(415h) Granular Composite-Enabled Tissue-like Dynamic Responsive Materials | AIChE

(415h) Granular Composite-Enabled Tissue-like Dynamic Responsive Materials

Authors 

Fang, Y. - Presenter, University of Chicago
Han, E., The University of Chicago
Jiang, Y., Stanford University
Lin, Y., University of Chicago
Xiao, X., Brookhaven National Laboratory
Wang, J., Argonne National Laboratory
Jaeger, H. M., The University of Chicago
Tian, B., University of Chicago
Living tissues are an integrated, multi-scale architecture consisting of dense cell ensembles and extracellular matrices (ECM) that cooperatively enable the excellent mechanical properties and dynamic responsiveness. One key challenge in creating tissue-like materials is to identify cell-like building blocks that can synergistically respond to external stress with existing ECM-like polymer platforms. Here, we designed a granular material-enabled hybrid gel, featuring cell-like starch granules embedded in ECM-like synthetic hydrogel matrices that readily displayed dynamic reconfigurable effects upon mechanical training.

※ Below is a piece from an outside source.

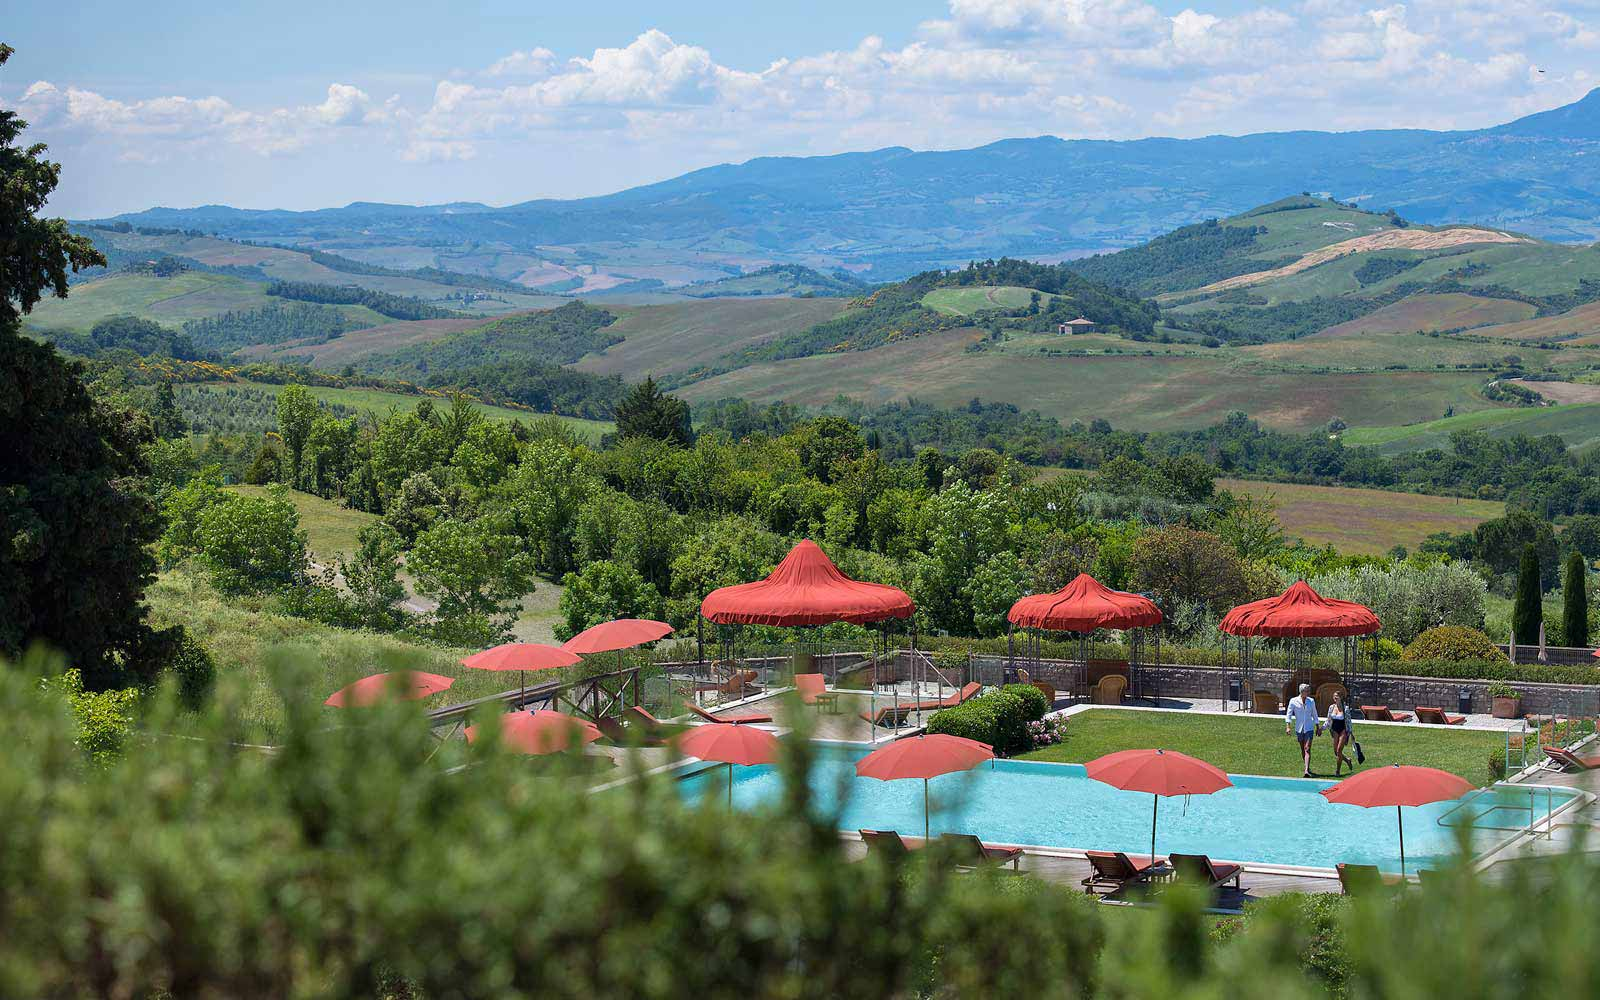 Fonteverde valley view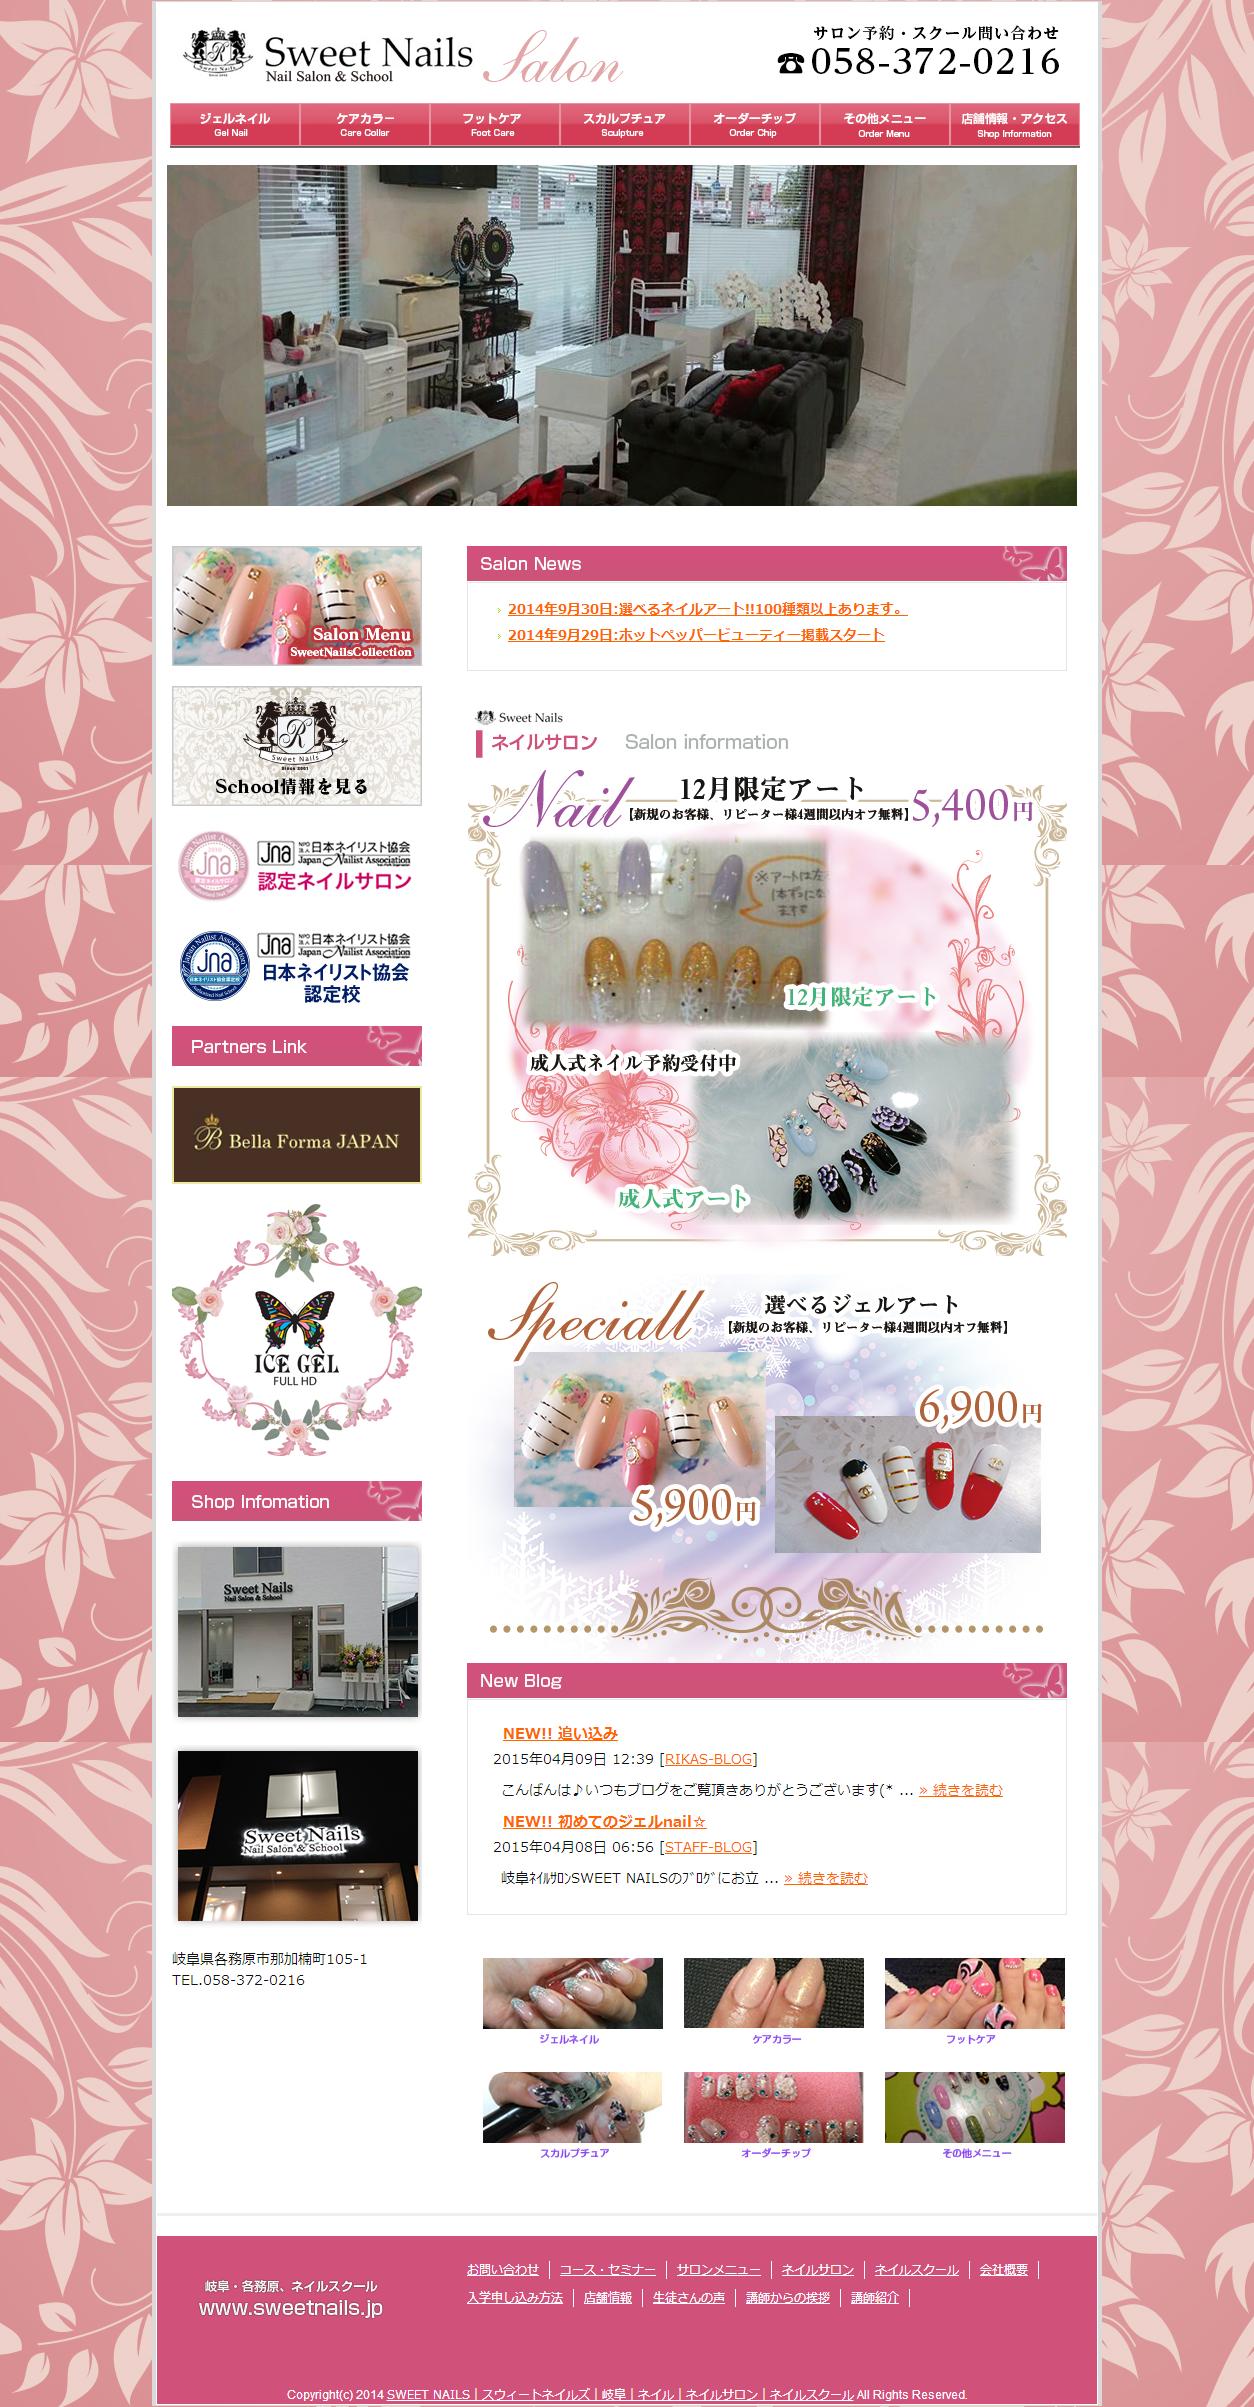 screencapture sweetnails jp salon 1428647106952 - ネイルサロン・スクール様のホームページの制作を担当しました。

Multi-scale and in-situ characterizations reveal that the unique combination between microscopic (chemical bonding) and mesoscopic (physical friction) interactions from starch granules cooperatively give rise to the tissue-like properties, such as dynamic responsiveness, strain-stiffening, and self-healability. Our results suggest that granular materials, a largely ignored component for biomimetics, can be critical in enabling dynamic behaviors in artificial materials and even future adaptive and active metamaterials.